Do the rest of us a favor. Draw your boundaries, and don’t apologize for it. It is your right, and the more people who draw the line with her, the more likely it is that lightning will strike and she’ll have a conversion. It happened to St. Paul, so you just never know! And by all means, do not chalk this up to some shortfall in yourself. Occam’s Razor says this is all on her!

As for the problem of sharing with others bringing on as much of a problem as you solve, my guess is that you admire your friends and think they are as patient and discrete as you are. You are probably an unusually patient and kind listener, and keep getting your surprises from the understandable mistake that you think they have equally high standards of friendship. That may be where you are going wrong. You may need a pastor or a professional or maybe one or two friends who are as good at this as you are for your sounding board. Try to forgive the rest for not having this as a long suit, but also try to narrow and write down your list of those you’ll trust with this kind of thing in the future. With the rest, avoid including them in your venting. That might help. It is worth a try. :shrug:

Don’t kick yourself when your friends make mistakes at being friends, though. That is also par for the course, and it happens to everyone, even the “healthy” ones (whoever that is). That your friends aren’t always perfect does not mean you did a thing wrong. It just means you have humans for friends, and make your own decisions without a crystal ball. If you make mistakes, don’t beat yourself up about it. The natural consequences of the mistakes is punishment enough, don’t you think? So let that be your penance, and feel free to let yourself off the hook for any more.

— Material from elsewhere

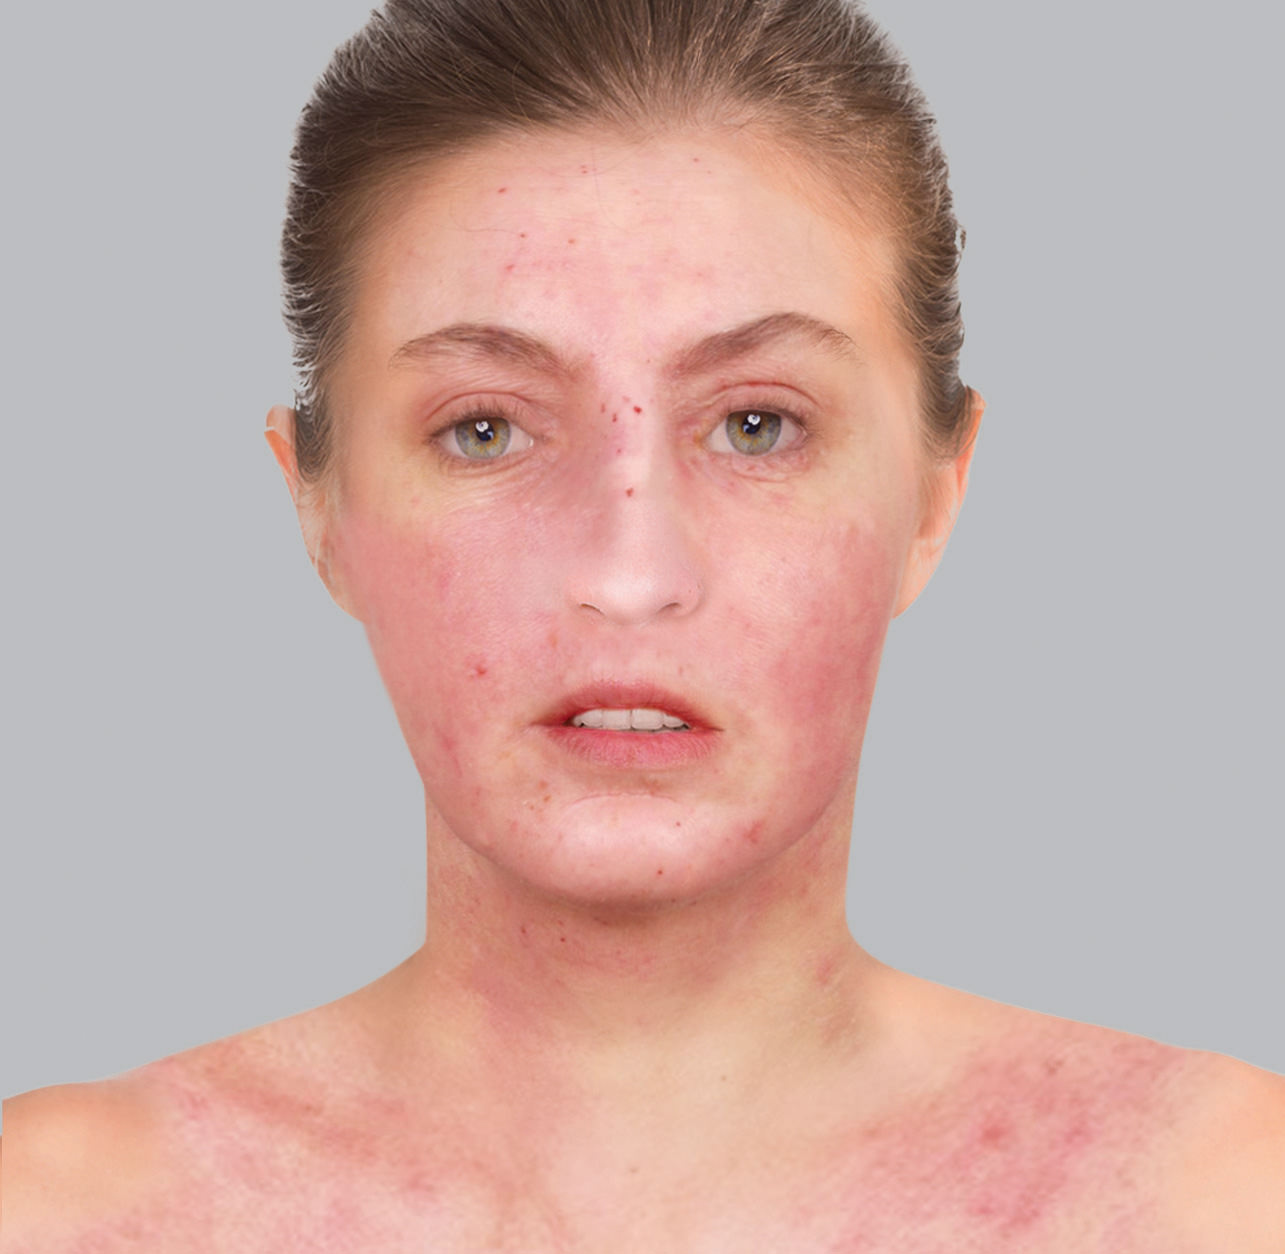 Symptome eines atopischen Ekzems: rote Flecken oder Erytheme

I know, that is work for you. I’m not saying force yourself to do it. I mean give yourself permission to do it. OK? OK!

Thank you.

I need to stop feeling guilty for reacting when people hurt me. Discussing such things here is a reality check and helps every time. I am grateful to everybody who has replied, offered advice and prayed for me.

It is a lot easier to start doing something than to stop doing something. I used to tell my catechism kids to treat guilt like a smoke detector. When it goes off, you look to see if it is a true alarm or a false alarm. If the alarm is false, you re-set the detector, but you don’t take the batteries out.

It is entirely naturally to feel a need to check yourself when you’ve been harsh with someone. Of course you will be driven to do a self-examination when you’ve hung up on somebody–wouldn’t you think anyone would? That’s OK. It is normal to go back over what was said and to decide, “Yes, I did fine, and if I had it to do over, I’d do it again” or to decide, “Wow, that was a bit much. She didn’t deserve that.”

When you get stuck over what it all means, look at the short list of trustworthy people, but do not beat yourself up over getting stuck. People get stuck in trying to figure out their feelings. It is OK!

I guess I’m just suggesting that you change from trying to not feel guilty and over to trying out some different tactics when it comes to handling the guilt feelings that all of us who are not sociopaths are going to feel from time to time. It could just be that you don’t have a bad habit of feeling guilty too much, but only have a skill at dealing with guilt feelings that needs some development. That is more attainable than stamping out guilty feelings, believe me!